Досада на собственную доверчивость, на близорукость совершенно вывела из себя Оленина. А Битюг долбил свое:

— Так ехать или гнать этого мокрого в три шеи?

— Валяй! — крикнул, точно выстрелил, Оленин, но тут же спохватился и поспешно поправился: — То есть, не в три шеи, а тащи спецмашину к берегу Ташумки. Пока привезешь, что-нибудь придумаем.

Битюг гыкнул, повесил трубку.

В голове председателя заметались, точно у шахматиста в глубоком цейтноте, мысли, комбинации, ходы. Времени в обрез, а на ум ничего дельного не приходило. Думать, думать, думать! В запасе полтора-два часа. Думать и действовать одновременно, как в бою бывало, как в сложных условиях полета, не мешкая ни минуты!

Кликнул сторожа.

— Давай-ка сюда, ко мне, одним духом Трофимова, зоотехников, завгара, Глазкову, Чеснокова и Радия с машиной. Хотя Радия не надо. И Трофимова... Я им позвоню. Ну, сыпь! Аллюр — три креста! По тревоге.

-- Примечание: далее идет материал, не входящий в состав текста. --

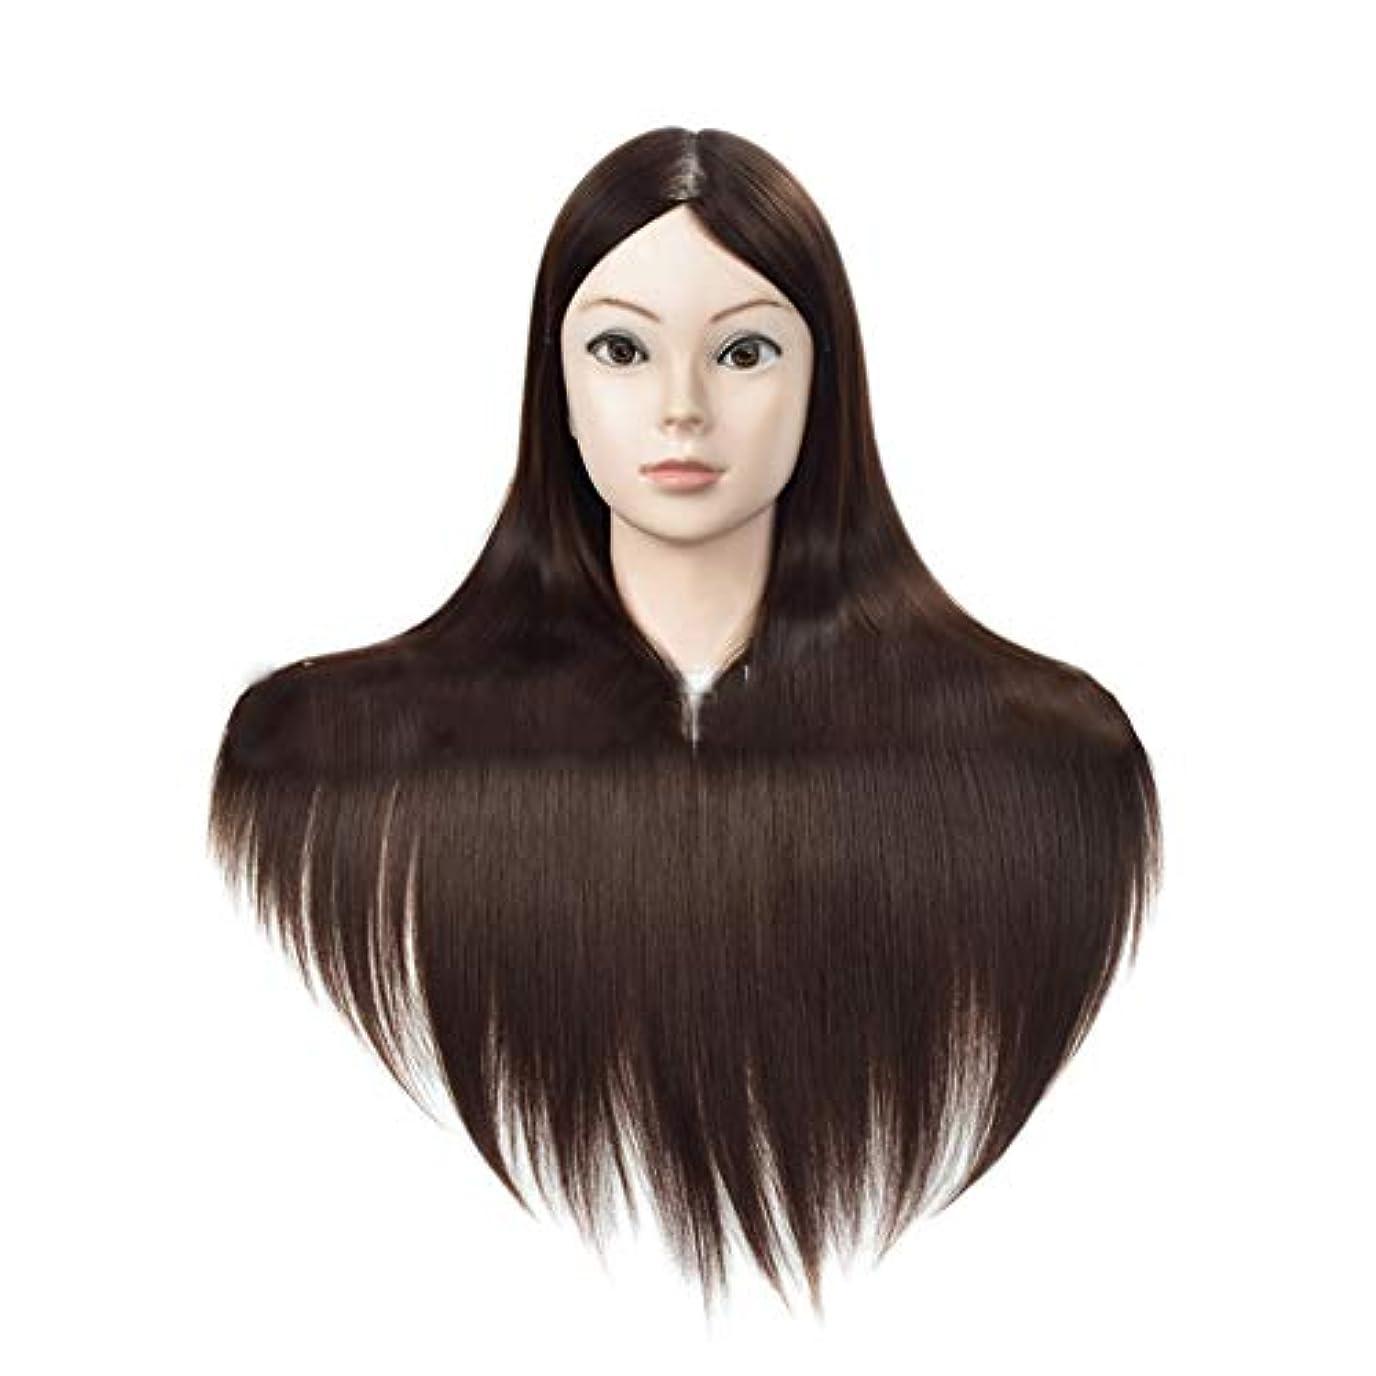 ファンネルウェブスパイダーうま請求可能髪編組ヘアスタイリング練習ヘッド高温線毛ウィッグヘッド金型メイク学習訓練ダミーヘッド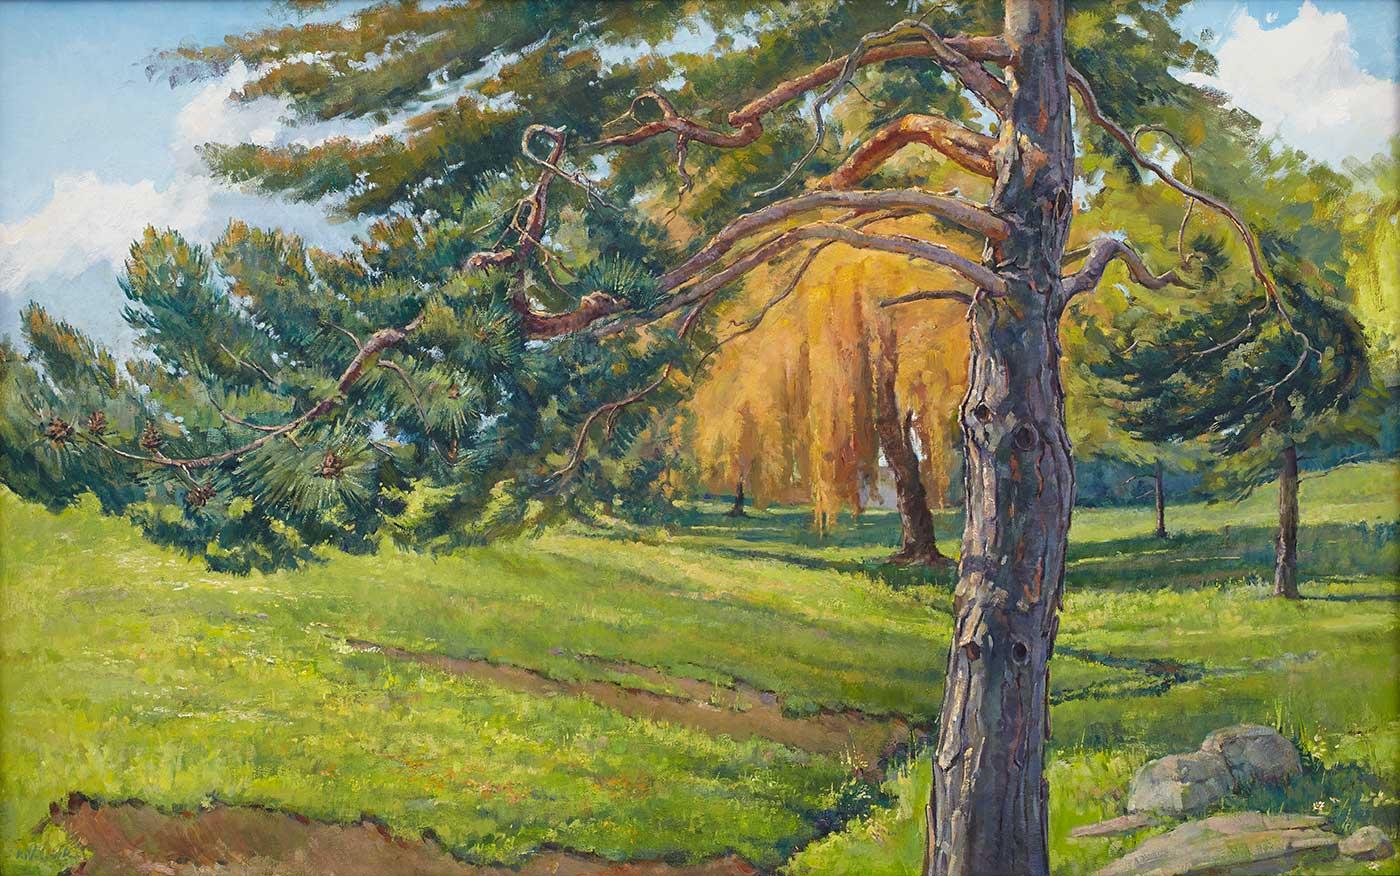 Kyryl Volovik - Moving Pine Tree

Первой прибежала Марина. В руке веточка ивы. Грудь ходуном ходит. Голубая куртка из модного синтетического материала забрызгана грязью. Глаза круглые, испуганные. Посмотрел и, словно глотком воздуха, захлебнулся горячим приливом нежности. «Какая же ты родная! Нет тебя роднее в целом свете!» Что-то словно начало поднимать его, руки бессознательно, как во сне, потянулись к ней. Захотелось схватить, прижать к груди, крепко, до головокружения, до беспамятства. И провалиться куда-то...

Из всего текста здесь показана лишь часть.